WHAT THE TASK ASKS:
Leave the pictures aside and copy all the data exactly.

INPUT DATA:
--- --- ---
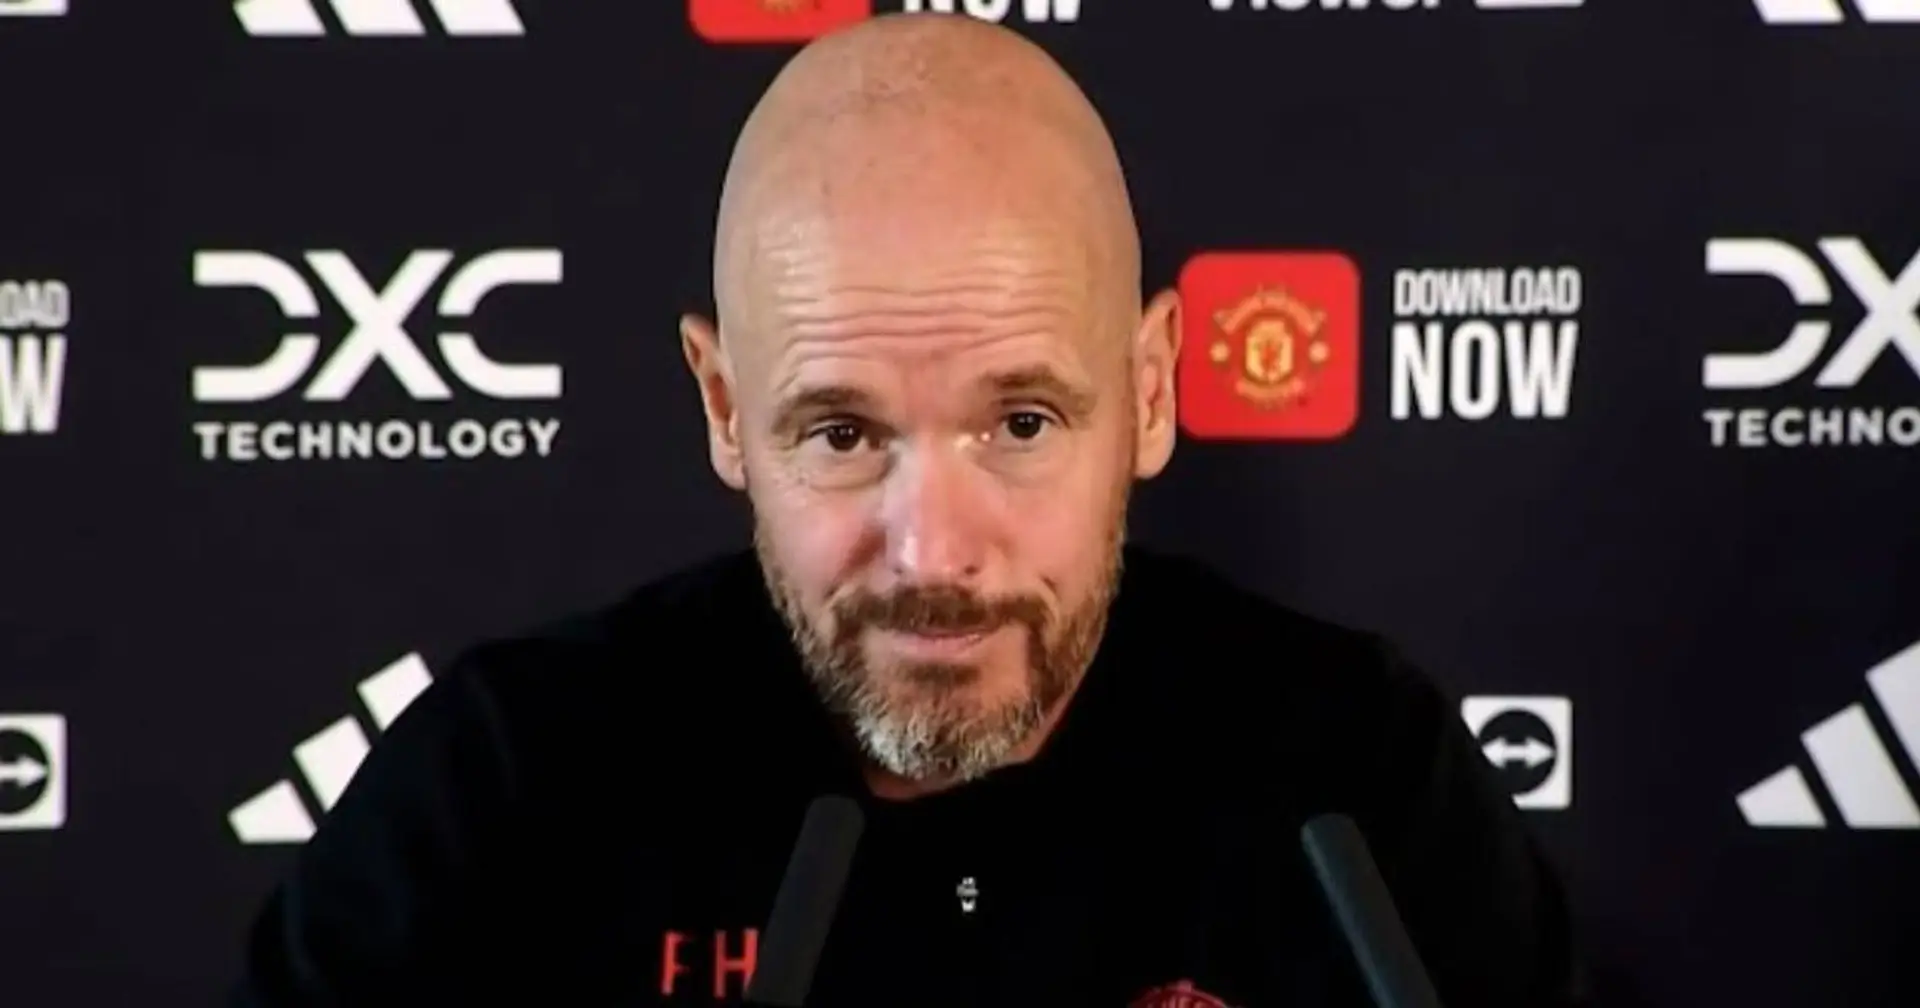 Ten Hag: Man United winning FA Cup would be 'over-achievement'
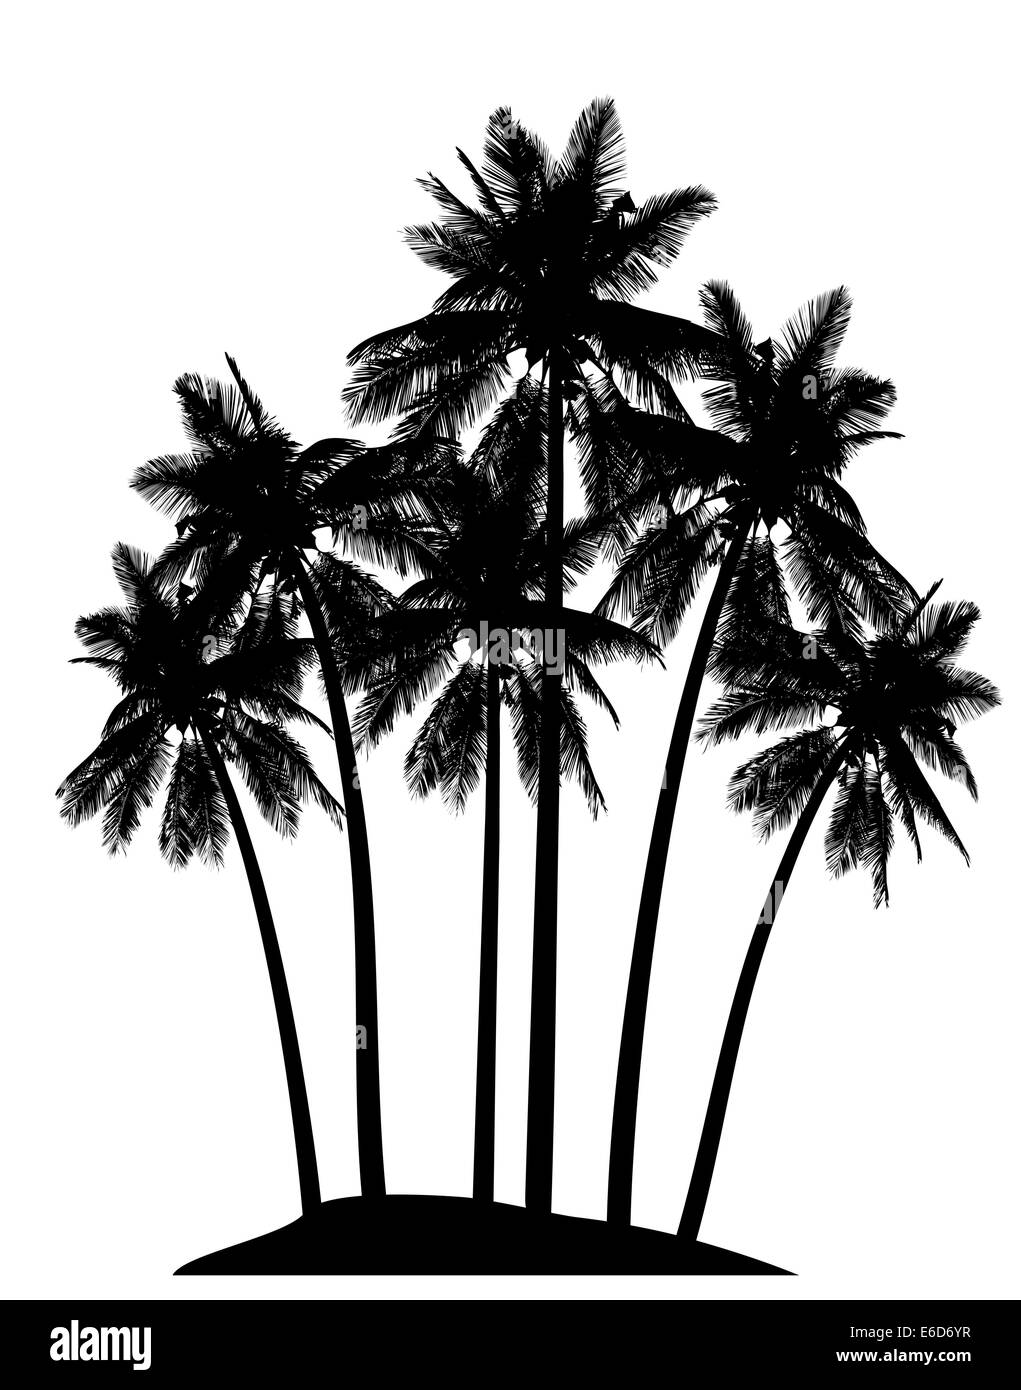 Editable vector illustration of palm tree silhouettes Stock Vector
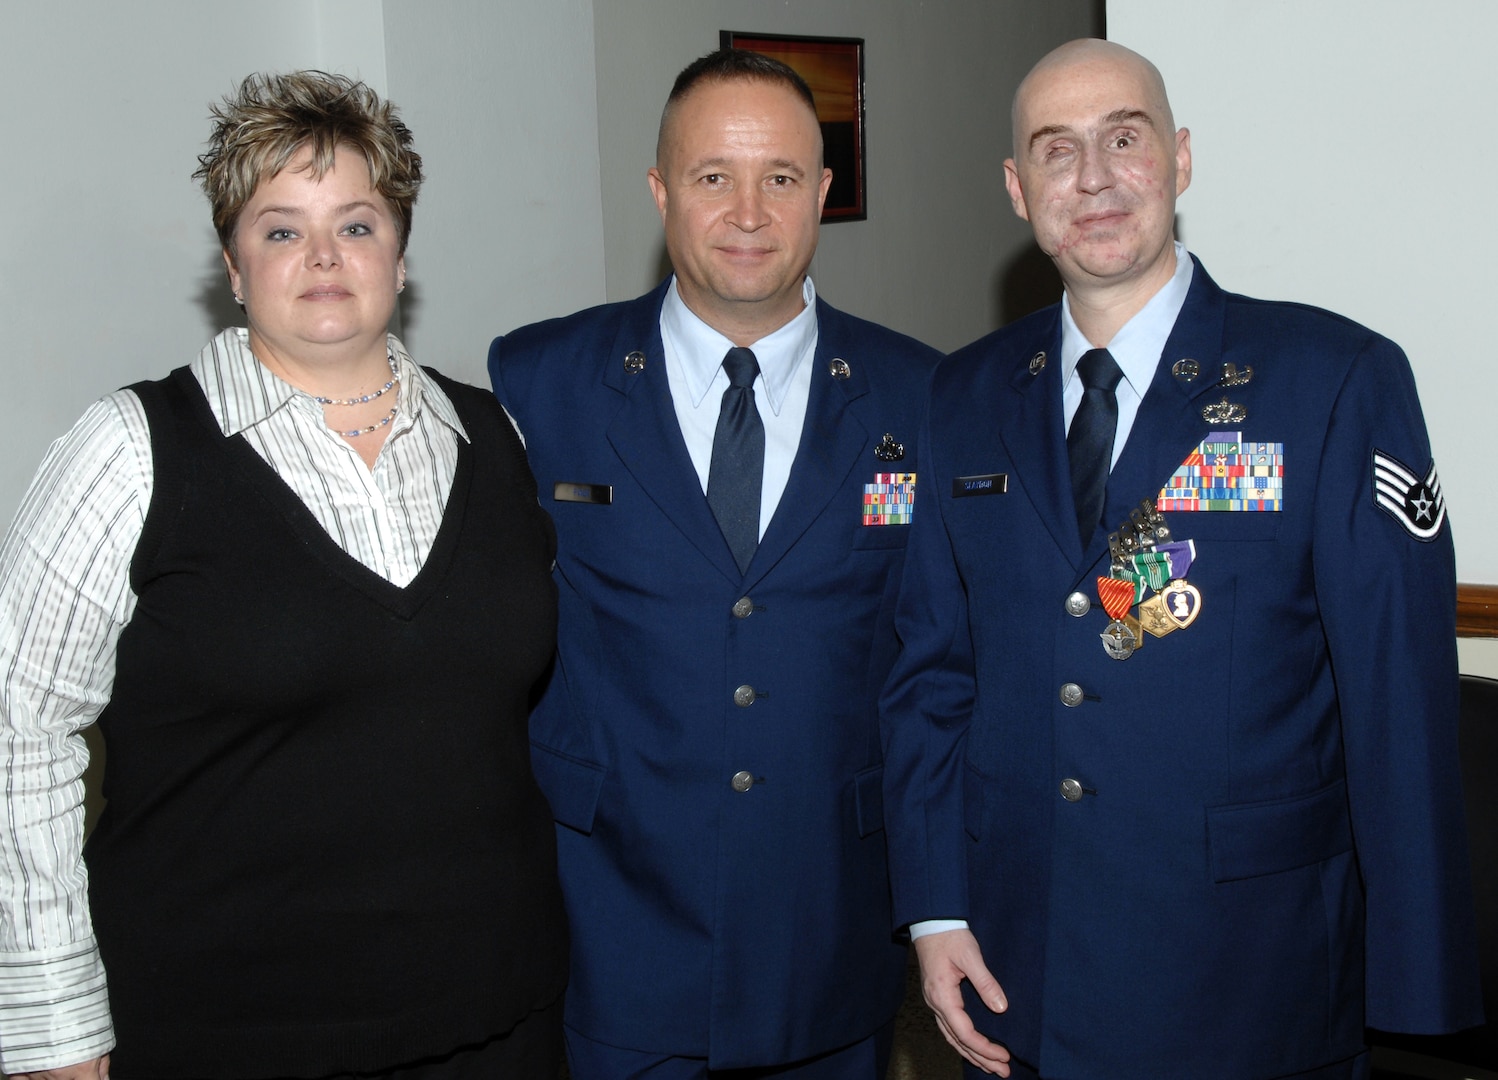 Sergeant Slaydon's wife, Annette, Chief Master Sgt. Stephen Page, 12th Flying Training Wing command chief, and Staff Sgt. Matthew Slaydon pose for a photo at Sergeant Slaydon's Purple Heart Ceremony January 29 at the base theater.
--- --- ---
SOLUTION BELOW:
 Ten Hag: Man United winning FA Cup would be 'over-achievement'
 Editable vector illustration of palm tree silhouettes Stock Vector
 Sergeant Slaydon's wife, Annette, Chief Master Sgt. Stephen Page, 12th Flying Training Wing command chief, and Staff Sgt. Matthew Slaydon pose for a photo at Sergeant Slaydon's Purple Heart Ceremony January 29 at the base theater.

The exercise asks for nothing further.